Yumurtadan başka hiçbir şey yemeyen bir
çocuğu, anne babası zamanın âlimine götürürler. Çocuğun anne babası alime;
bütün uyarı ve nasihatlerine rağmen çocuklarının yumurtadan başka bir şey
yemediğini, bu gidişle de çocuklarının gıdasız kalmasından korktuklarını söylerler.
Durumu dinleyen alim de şimdi
gitmelerini ve kırk gün sonra gelmelerini söyler. Kırk gün sonra anne babasıyla gelen çocuğu
kucağına oturtup saçlarını okşayan alim zat çocuğa:
“Yavrum
bundan sonra çok fazla yumurta yeme, diğer yiyeceklerden de ye” diye nasihat
eder.”
Aradan bir iki gün geçtikten sonra
gerçekten çocuklarının yumurtayı fazla yemediğini gören aile, soluğu doğruca
alimin yanında alırlar. Çocuğun anne babası; “hocam madem bir çift sözle çocuğa bu davranışı bıraktıracaktınız da
neden bizi kırk gün beklettiniz” diye sorarlar.
Alim de: “Siz bana çocukla geldiğiniz zaman ben de yumurtayı çok sever ve çok
yerdim. Çocuğa yumurtayı az yemesi gerektiğini söyleyebilmem için kırk gün
kendi nefsimde bunu denedim ki çocuğa söylediklerim etkili olabilsin. Yoksa
yumurtayı fazla yememesi konusunda çocuğa şimdiye kadar onlarca kişi söyledi;
fakat çocuk kimseyi dinlemedi. Yani anlayacağınız kalpten çıkan söz kalbe tesir
ederken ağızdan çıkan söz ise bir kulaktan girip öbür kulaktan çıkar.” demiştir.
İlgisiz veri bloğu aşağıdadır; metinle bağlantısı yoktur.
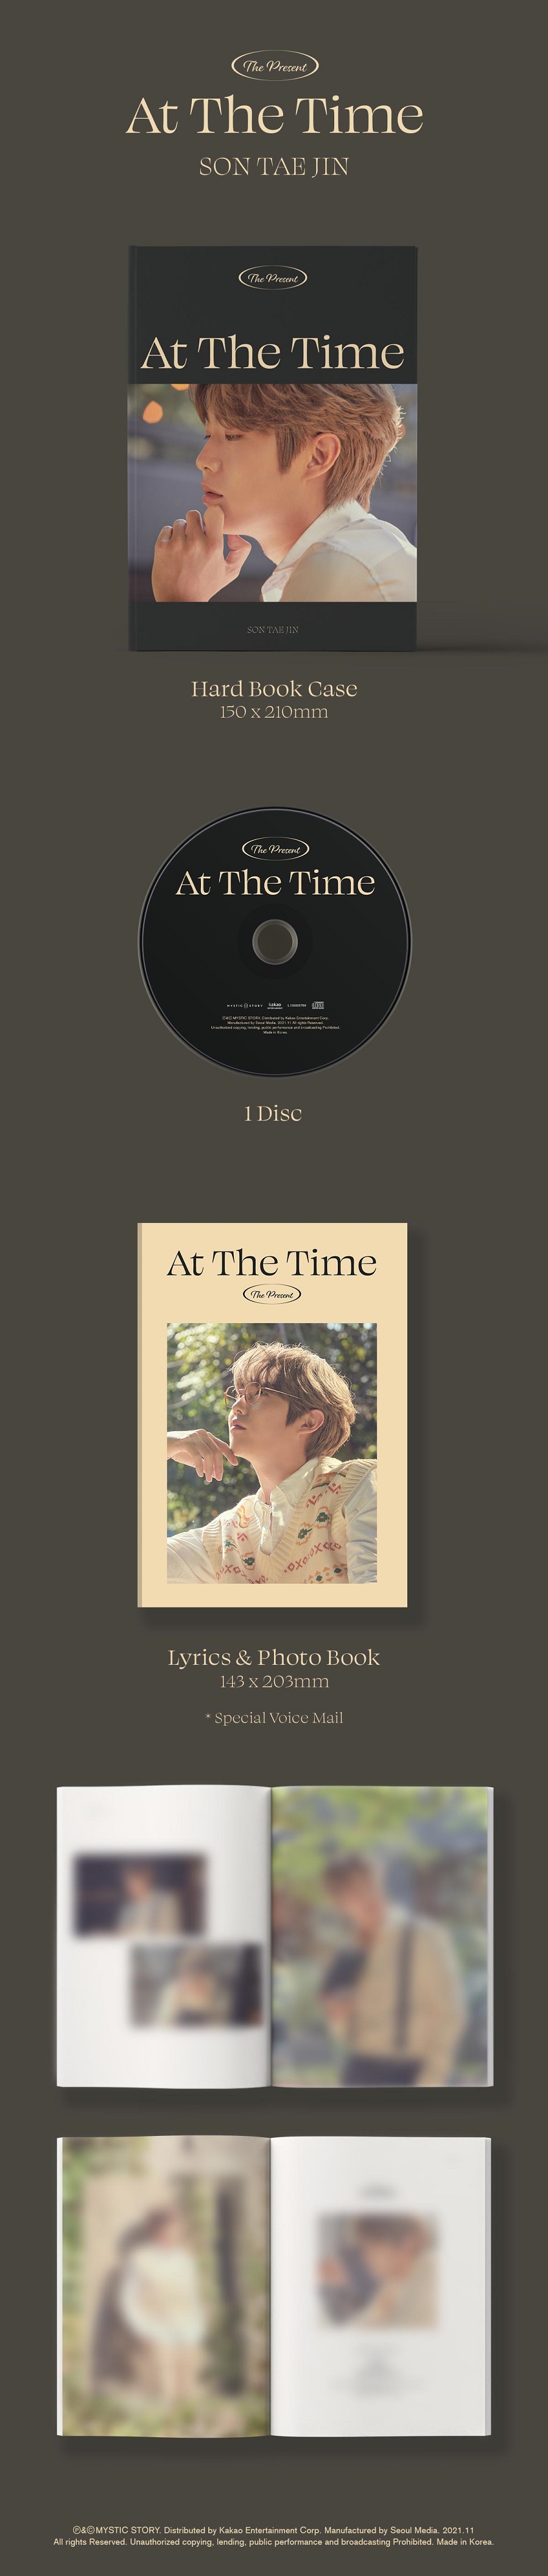 손태진(SON TAE JIN) - The Present ‘At The Time’

Çocuklarla konuşurken ağzımızdan hiç
düşürmediğimiz: “Ben senin yaşındayken, benim zamanımda, ben senin yerinde
olsaydım…” gibi cümleler çocuğumuzla iletişimi koparmamıza ve çocuğumuzun bizi
dinlememesine neden olmaktadır.
Çocukların anne babalarının sözlerini
dinlememesinin bir sebebi de daha küçük yaştan itibaren zihinsel gelişimlerini
engellemekten kaynaklanmaktadır.
Çocukların söz dinlememelerini Prof. Dr.
Üstün DÖKMEN şöyle açıklamaktadır:
“Anne babanın elinde upuzun bir “ellenmemesi gerekli şeyler” listesi
vardır. Çocukların her şeye el uzatmaları yaramazlık değil, zihinsel gelişimlerinin
özelliğidir. Aman bunu elleme, buna dokunma...”
Üstün Dökmen hocamızın da söylediği gibi
çocukların yeni yürümeye başladıkları zaman zihinsel gelişimlerinin bir özelliği
olan her şeyle oynamak isteyişi anne-baba tarafından, ona dokunma, bunu elleme, oraya gitme, yapma ve etme gibi
emirler çocukların hem zihinsel gelişmeleri engellenmekte hem de anne babasıyla
iletişim engellerini öğretmektedir.
Anne babalar, çocuklarının kendi
işlerini kendisi yapan, söz dinleyen, ders çalış demeden ders çalışan ve okulun
gözde öğrencilerinden olmalarını isterler.
Oysa bu çocuklar ileri yaşlarda iletişim
problemi yaşayan, kendi başına buyruk, ders çalışmayan, araştırma yapmayan çevreyi
incelemeyen, kitapları karıştırmayan, büyüdükleri zaman sadece etrafı
gözlemleyen fakat araştırma şevki kırılmış, ne yapacağını bilmeyen, iş
beğenmeyen ve söz dinlemeyen insanlar olacaklardır.